[Task brief]: Print exactly the lines that run from the one containing "A beautiful statue" to the final line of the data, both included, and print none of the pictures.

[Collected material]:

◇ ◇ ◇

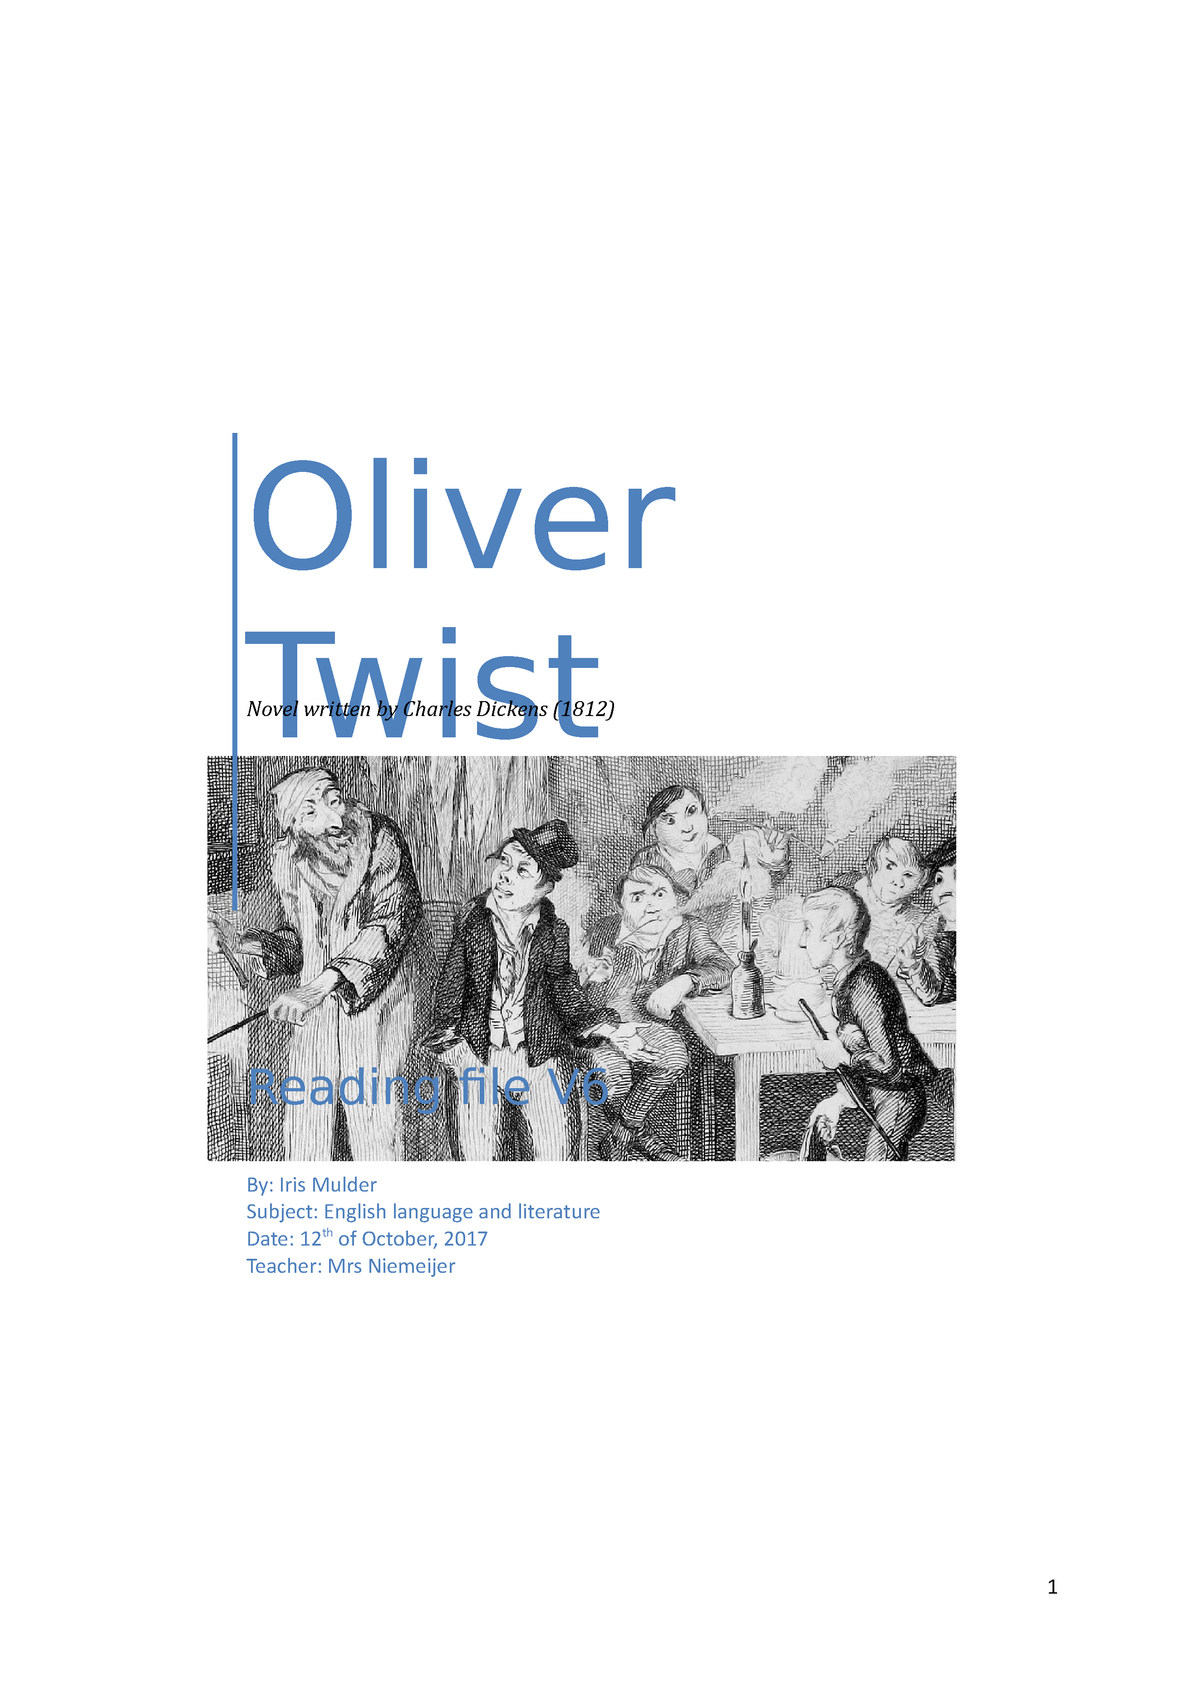 what is the main theme of oliver twist
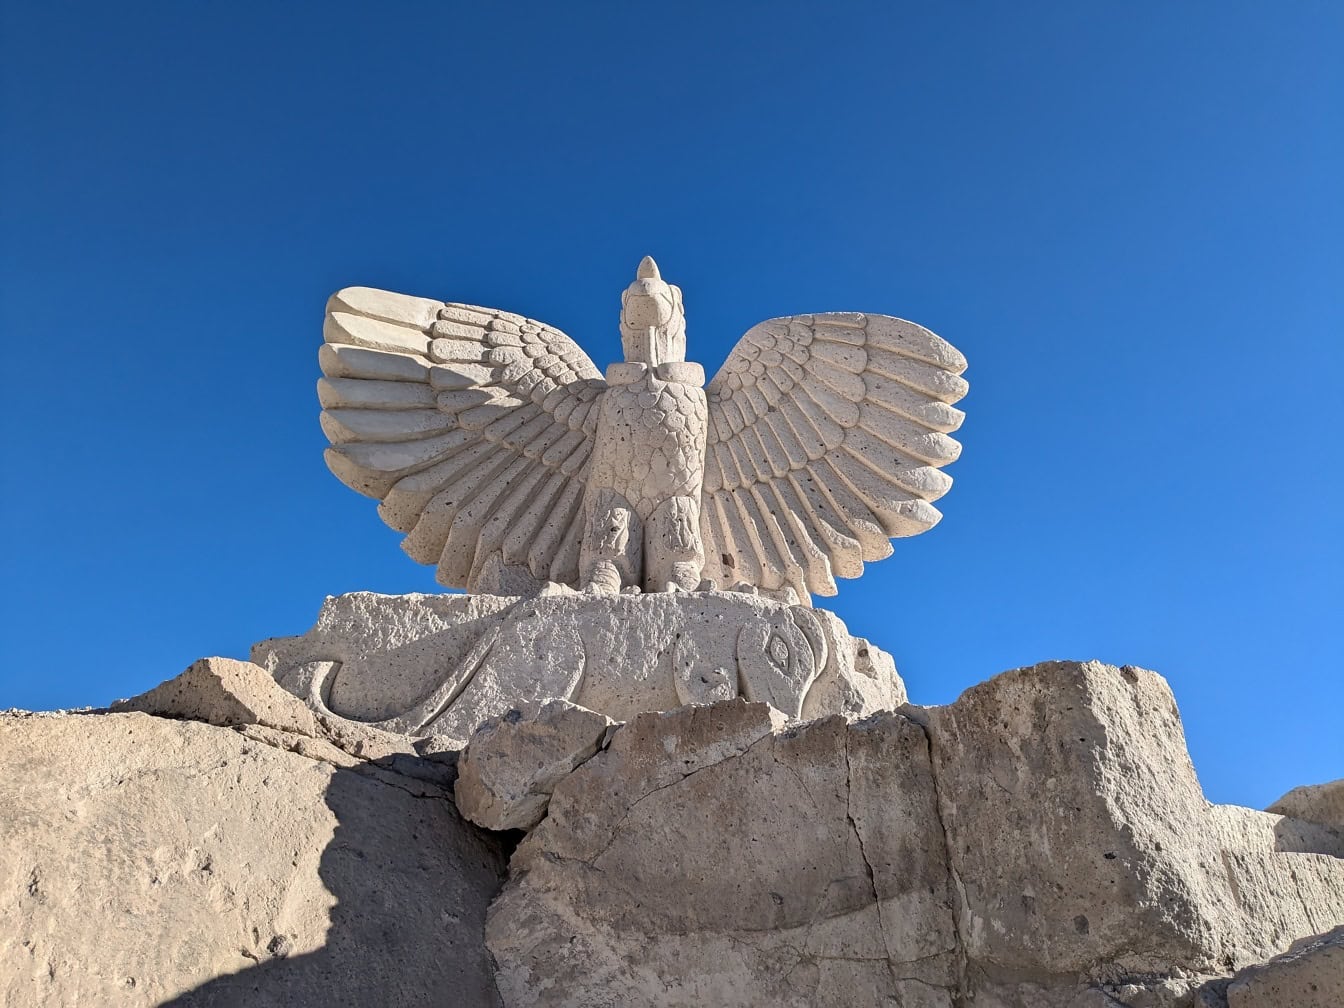 A beautiful statue of a bird with wide open wings at the Sillar route near Culebrillas canyon in Arequipa in Peru
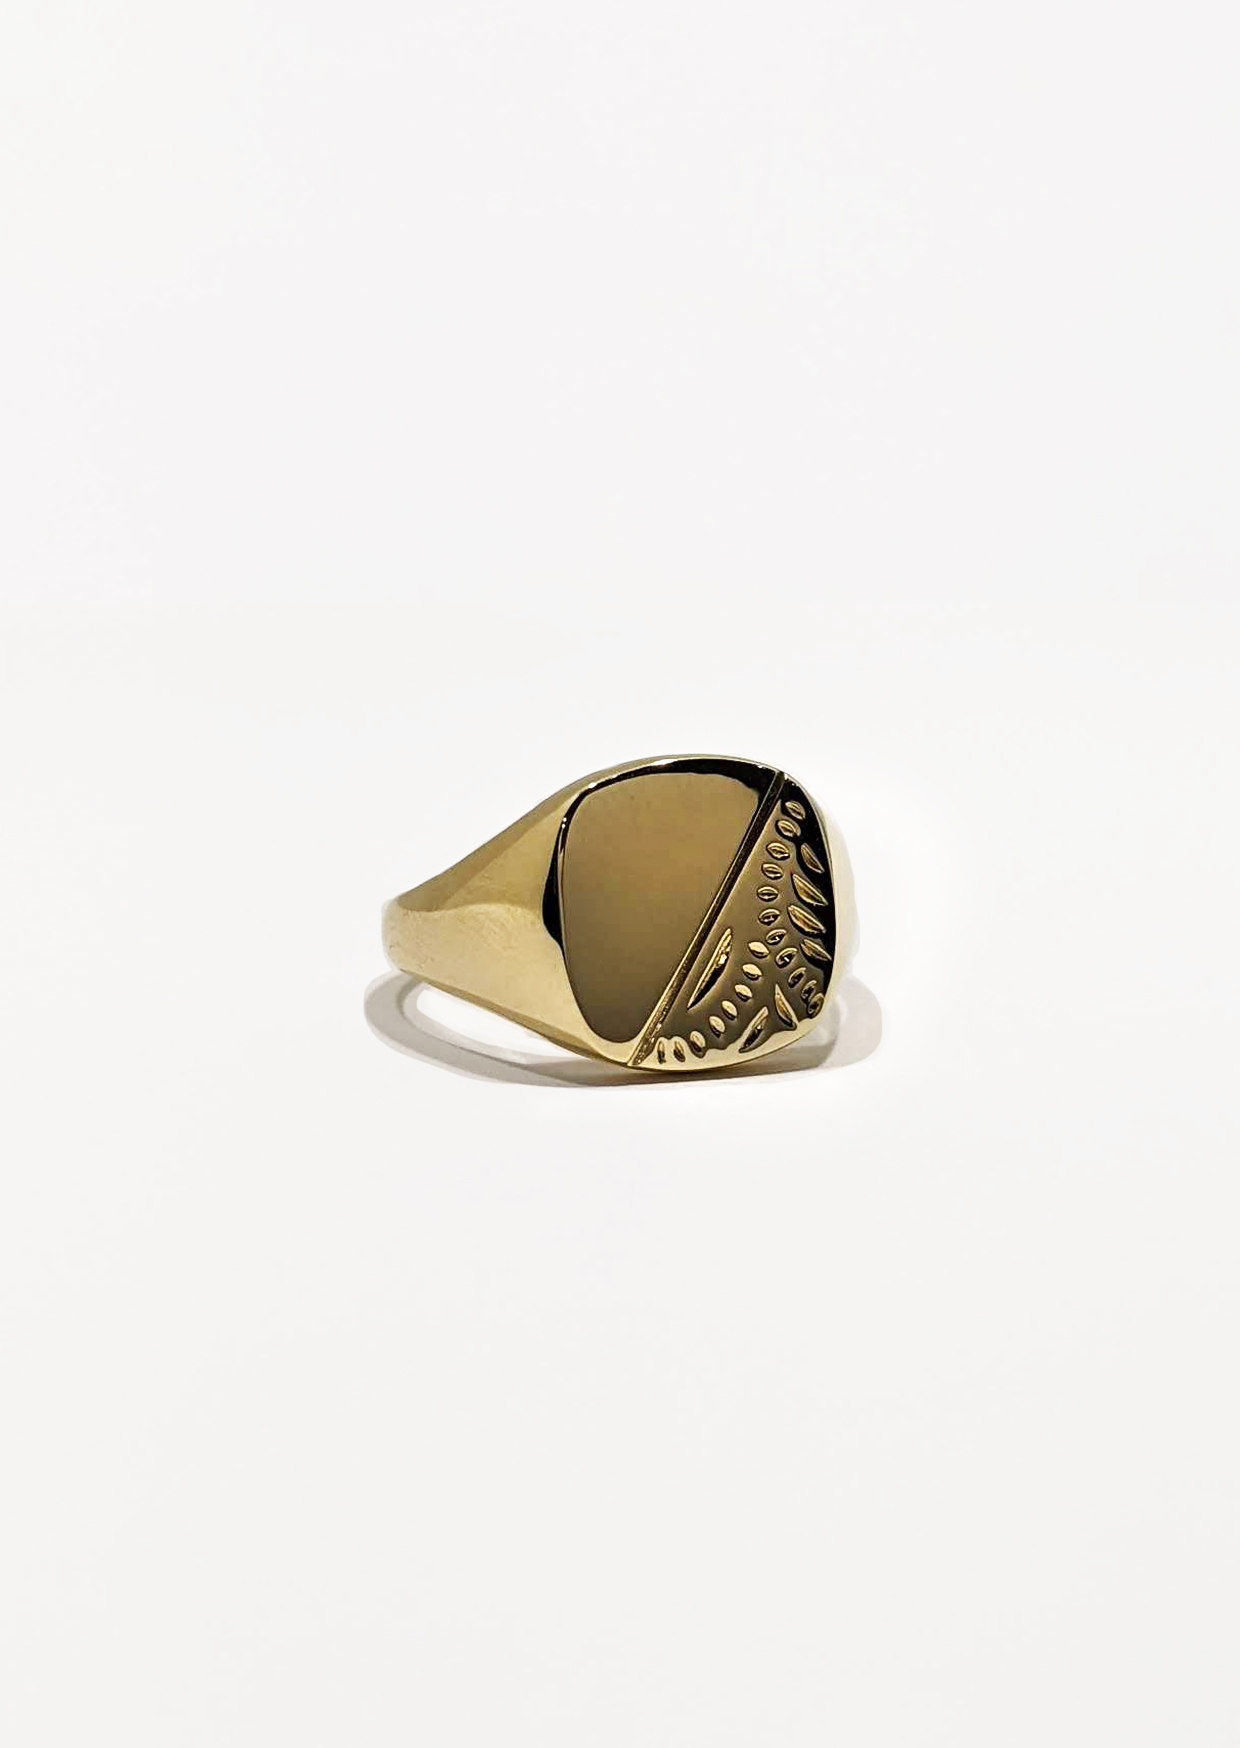 Cushion Engraved Signet Ring 9ct Yellow Gold
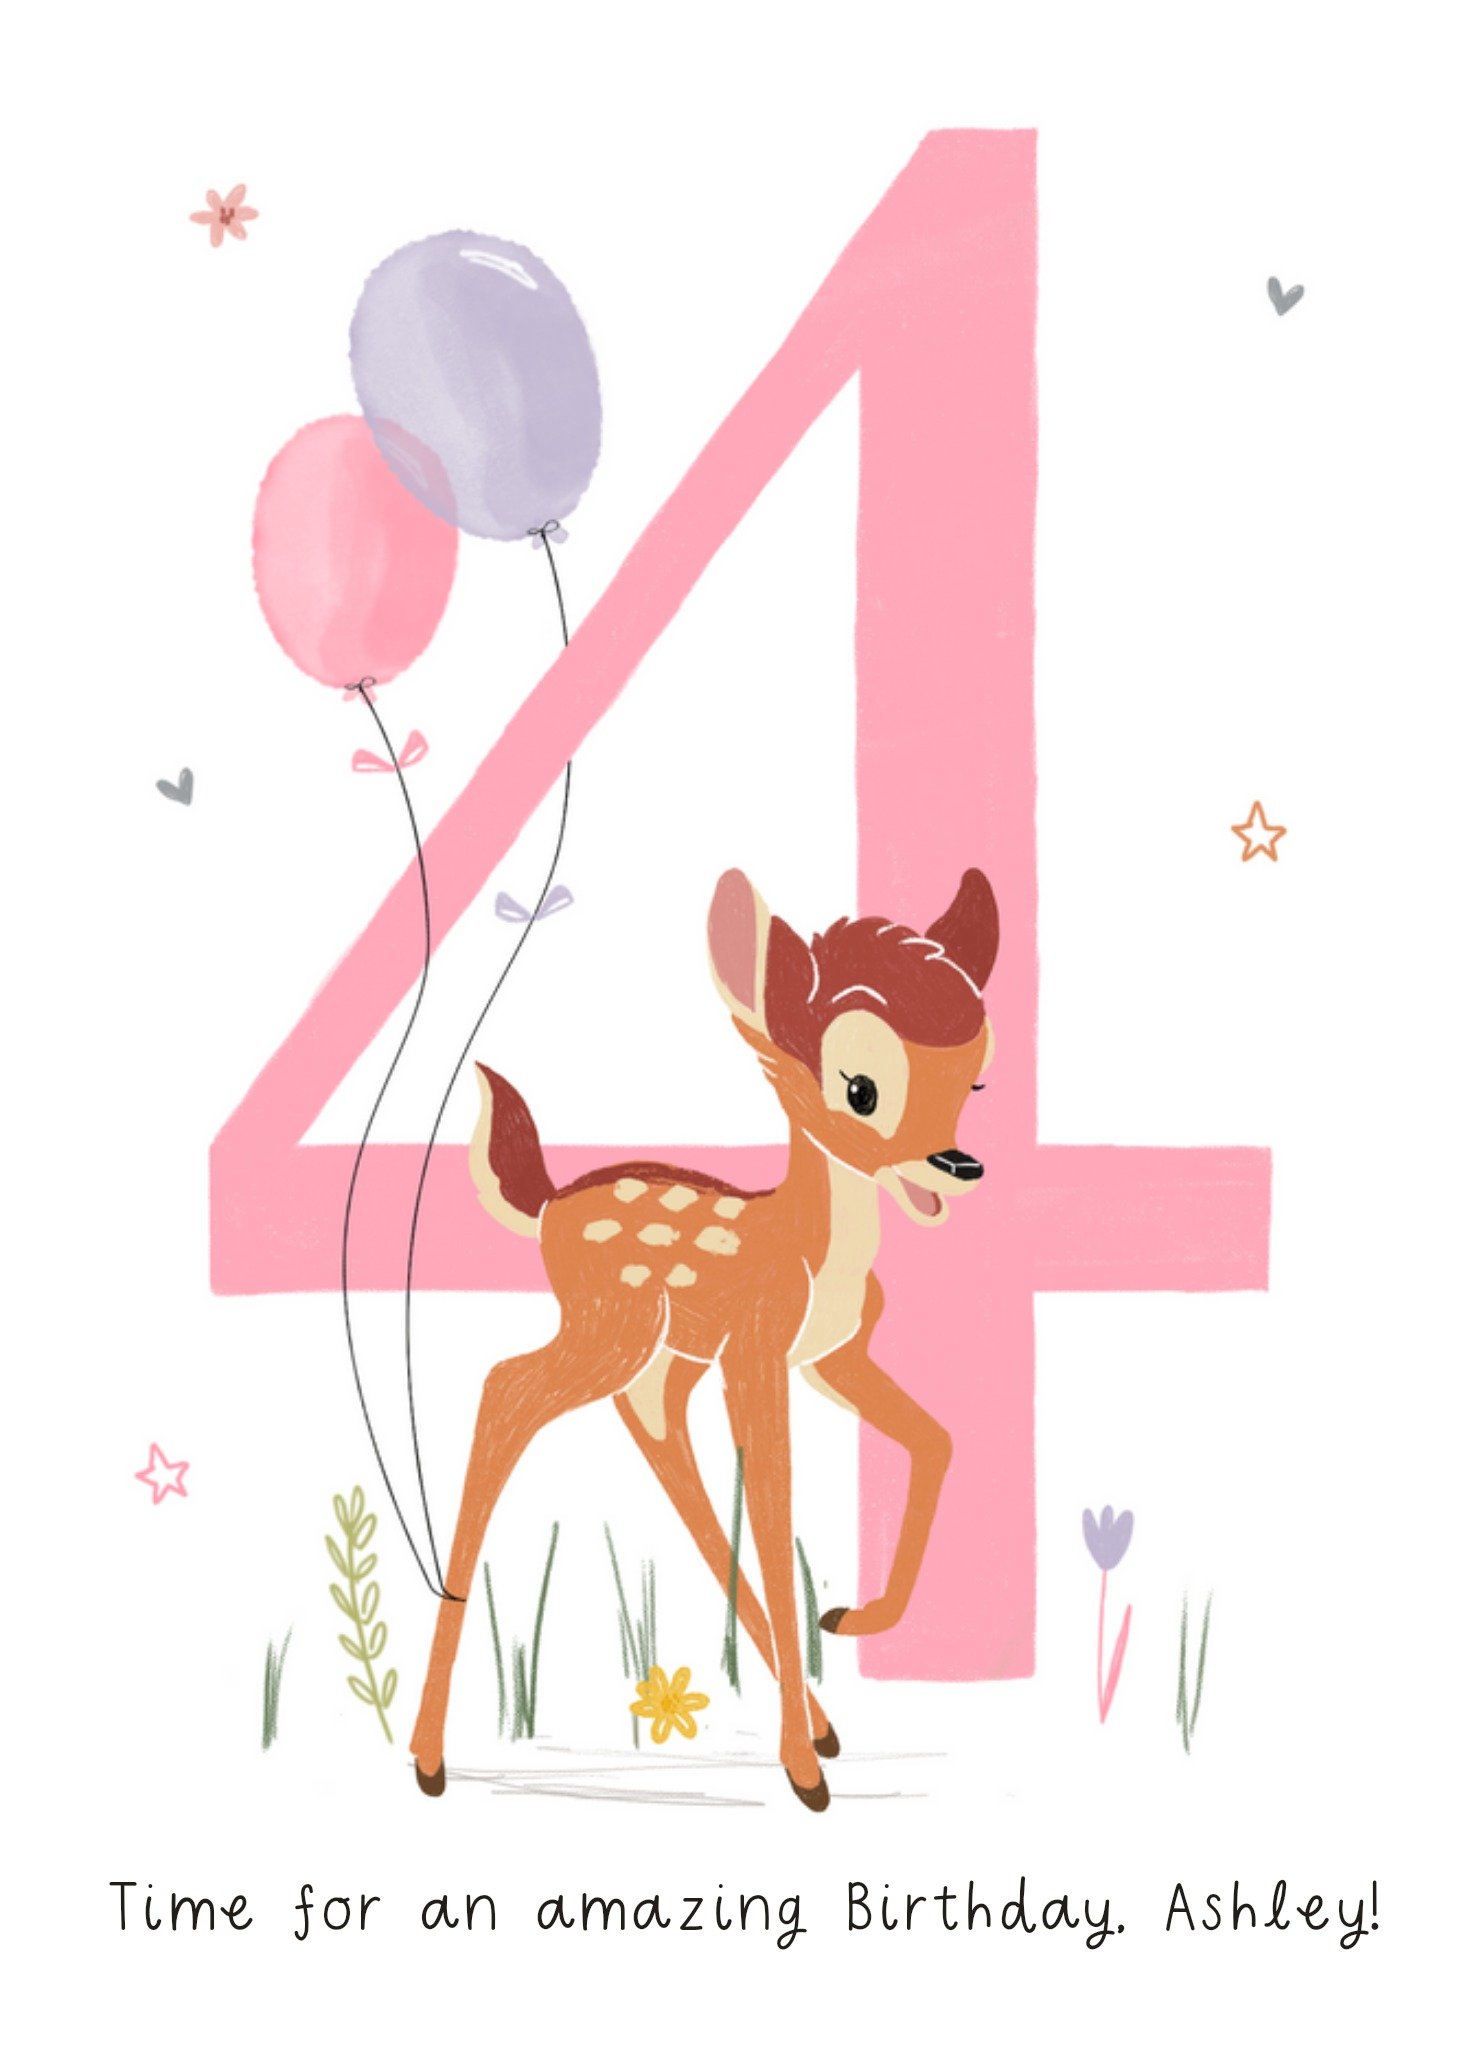 Disney Bambi 4 Today Time For An Amazing Birthday Illustrated Bambi Birthday Card, Large

◇ ◇ ◇

[Written response]:
 A beautiful statue of a bird with wide open wings at the Sillar route near Culebrillas canyon in Arequipa in Peru
 Cushion Engraved Signet Ring 9ct Yellow Gold
 Disney Bambi 4 Today Time For An Amazing Birthday Illustrated Bambi Birthday Card, Large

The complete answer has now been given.